The Life She Could Have Lived | Written by Rosalyn St. Claire


The Lives She Could Have Lived...

A quiet reflection on missed loves, the ache of almost, and choosing herself anyway.

Lately, it felt like she was walking through echoes.

She’d see them—men she once knew. Men who, at one point, had wanted to build something with her. Some were Black, some white. Some were fiery and wild, others soft and steady. Now, they were husbands. Fathers. Business owners. They carried lives that looked full, rooted, and certain.

And quietly, without shame, she wondered: what if?

Not because she still wanted them—but because she sometimes revisited the versions of herself that once stood at the edge of almost-love and chose not to step forward. What didn’t she see back then? What part of her hesitated? Was she protecting her heart from shattering—or her spirit from shrinking?

Some of those men spoke of forever. Some held her like home. Still, she walked away. Or didn’t lean in far enough to stay.

There were moments—soft aches disguised as passing thoughts—where something in her stirred. A quiet grief, wrapped in nostalgia. Not quite regret. Just... wondering. Could she have been a wife by now? A mother? Waking beside a man who once looked at her like she held his whole world?
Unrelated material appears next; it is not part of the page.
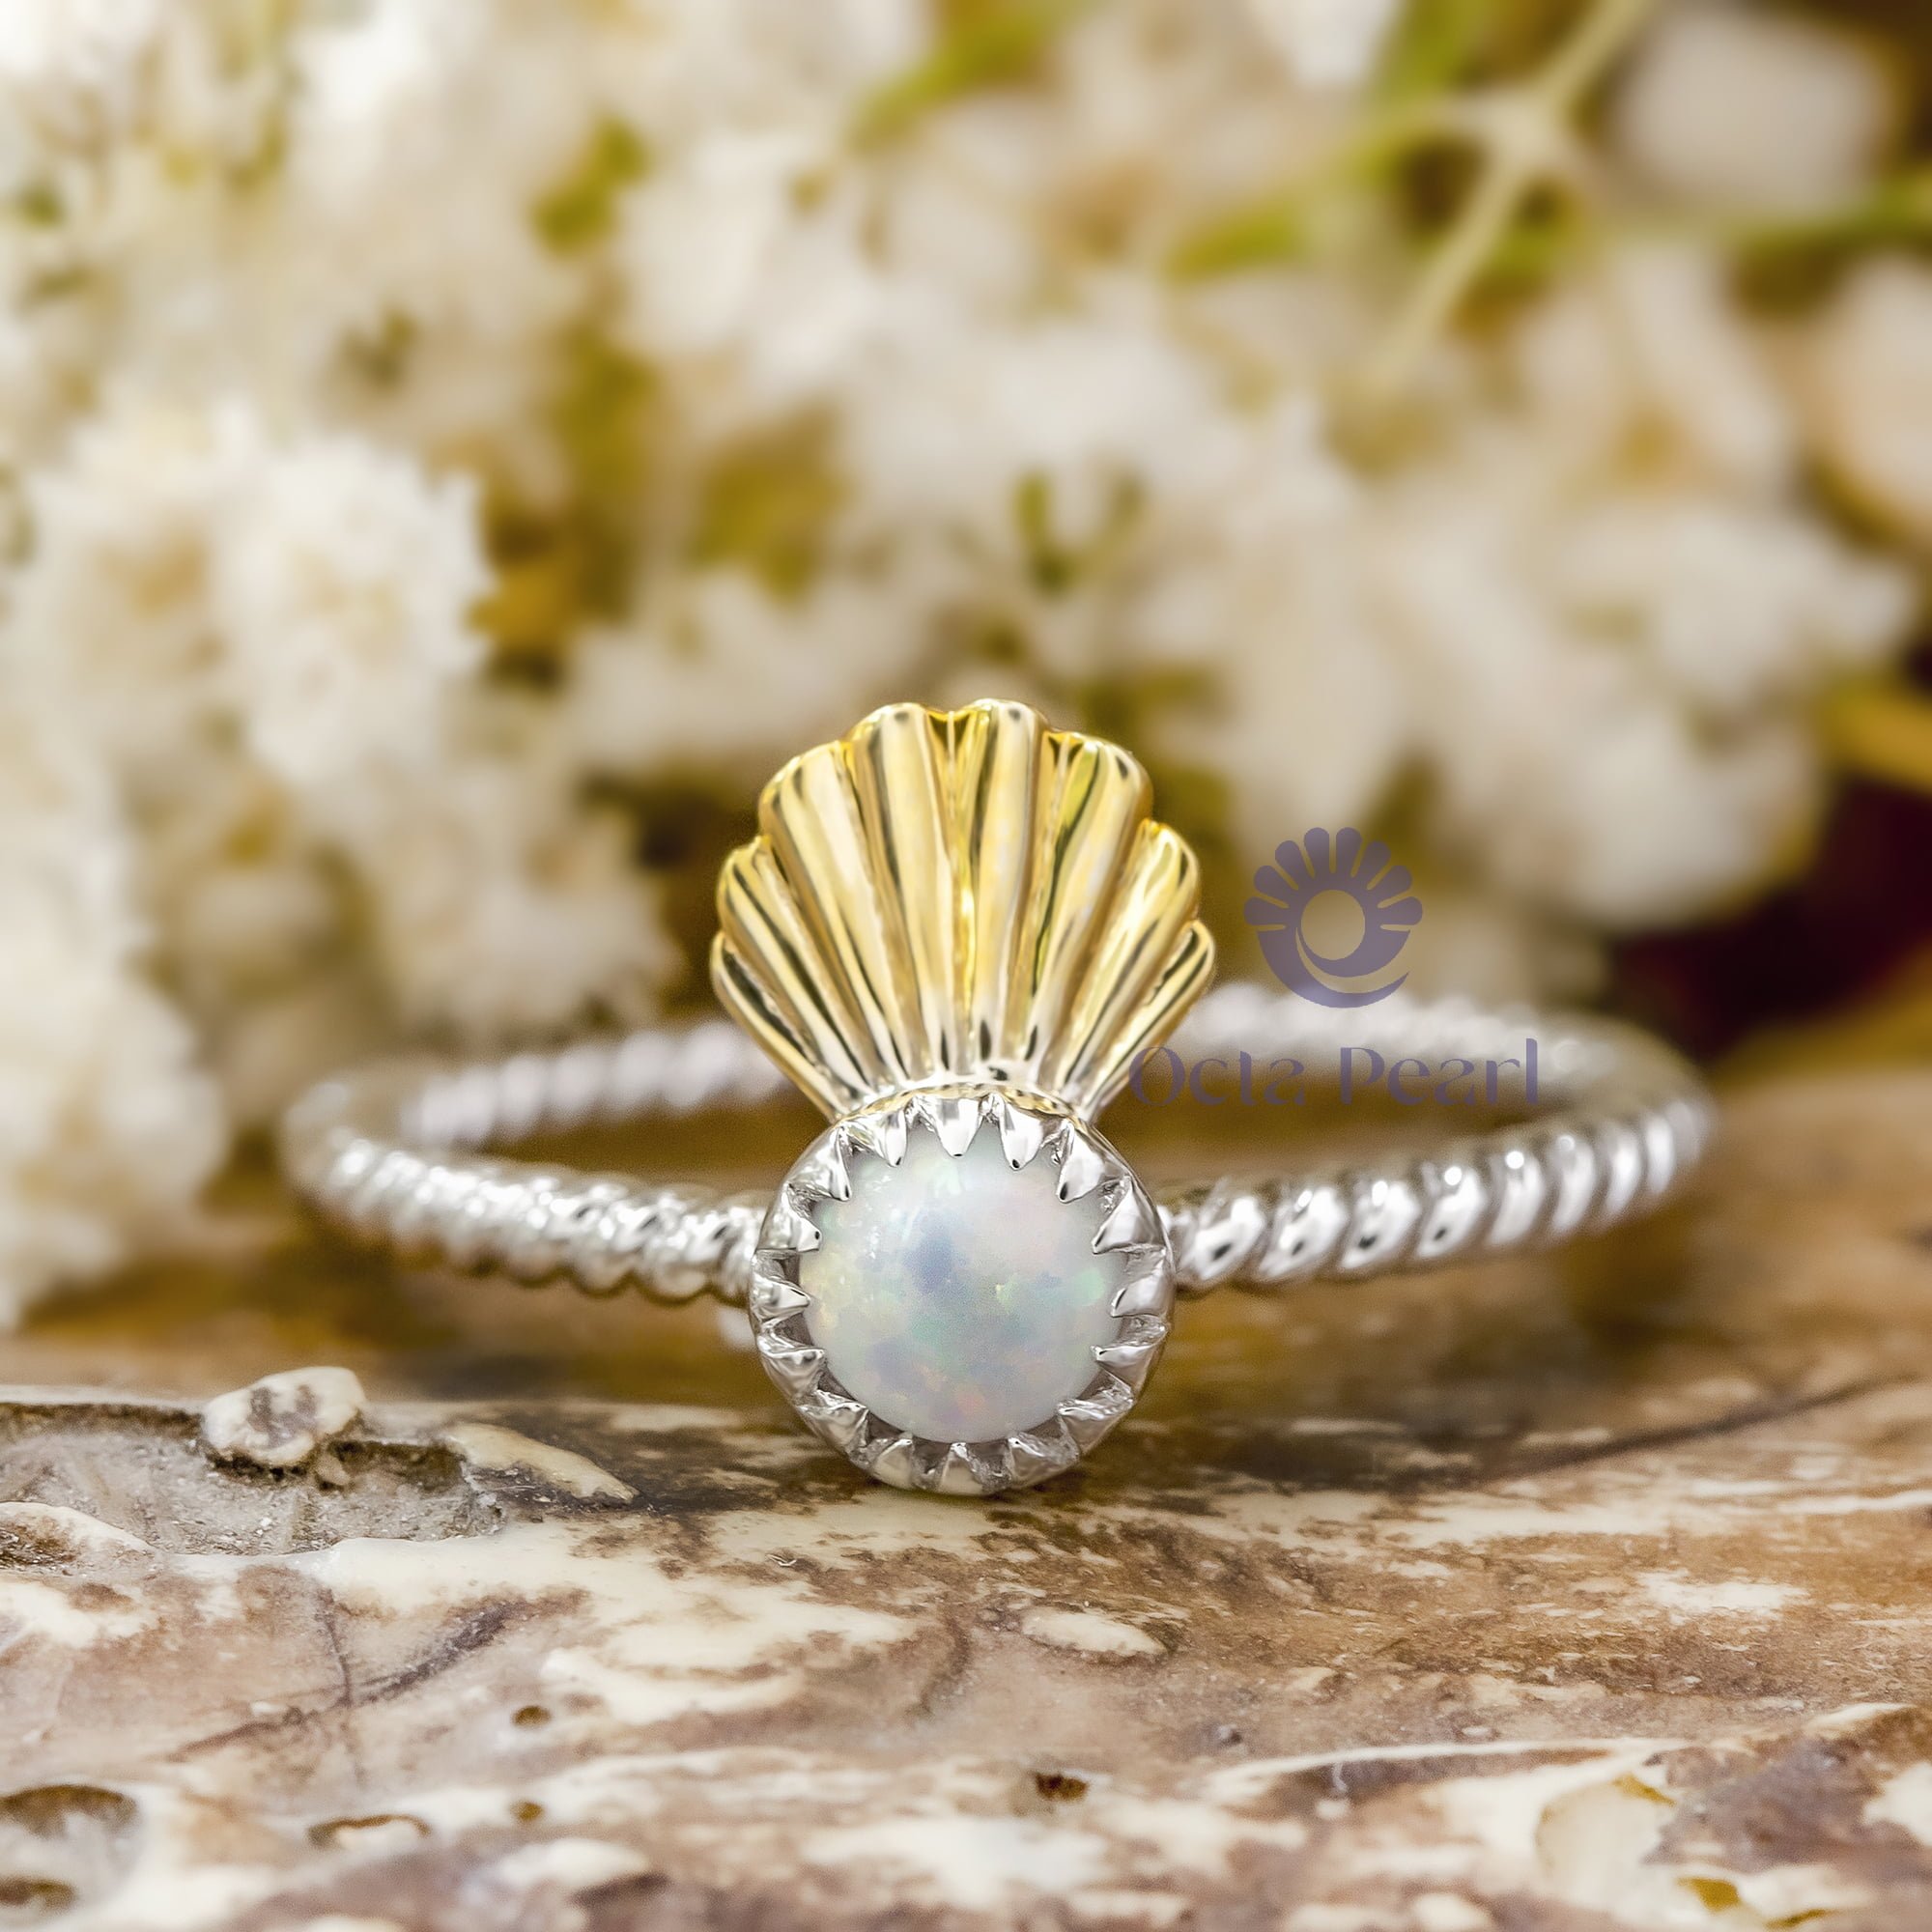 Opal Gemstone Mermaid Shell Crown Solitaire Engagement Ring

But then she saw the woman she had become.

The voice that had grown within her. The healing she’d done. The way she now loved—more aware, more rooted, more real. And she knew: if she had chosen one of them, she wouldn’t be this version of herself. She might have been loved, yes—but would she have felt free?

Would she have found her rhythm? Her truth? Her self?

Maybe those men weren’t meant to stay. Maybe she wasn’t meant to go.

But this—this life, this unfolding—was hers.

It was okay to grieve the lives she didn’t live. Okay to feel a small tug when she saw them now, walking with wives and holding babies. But it was also okay—more than okay—to feel proud. Proud that she didn’t choose from fear. Proud that she didn’t settle for a version of love that asked her to be less.

She had chosen uncertainty. She had chosen growth. She had chosen herself—even before she fully knew who that was.

And now, here she stood: still becoming. Still worthy.

They hadn’t just lost the chance to build something with her—she hadn’t lost anything that was truly hers. Because if it was meant for her, it would have stayed.


Reflection

There’s a particular tenderness in acknowledging the lives we almost lived.

The men who once glimpsed something bright in us—something worth choosing—and for reasons even we didn’t always understand, we said no. Or didn’t say yes in time. Or walked away with a heart still turning back.

It’s tempting to romanticize those untaken roads, to believe something precious slipped away. But what if what truly happened was this: she made space. For deeper knowing. For real love. For the woman she needed to meet inside herself.

This isn’t a story of regret. It’s a story of becoming. Of recognizing, with grace, that her life isn’t sitting behind someone else’s front door—it’s here, alive inside her, unfolding every single day she chooses herself.

And maybe… just maybe…
That was the real love story all along.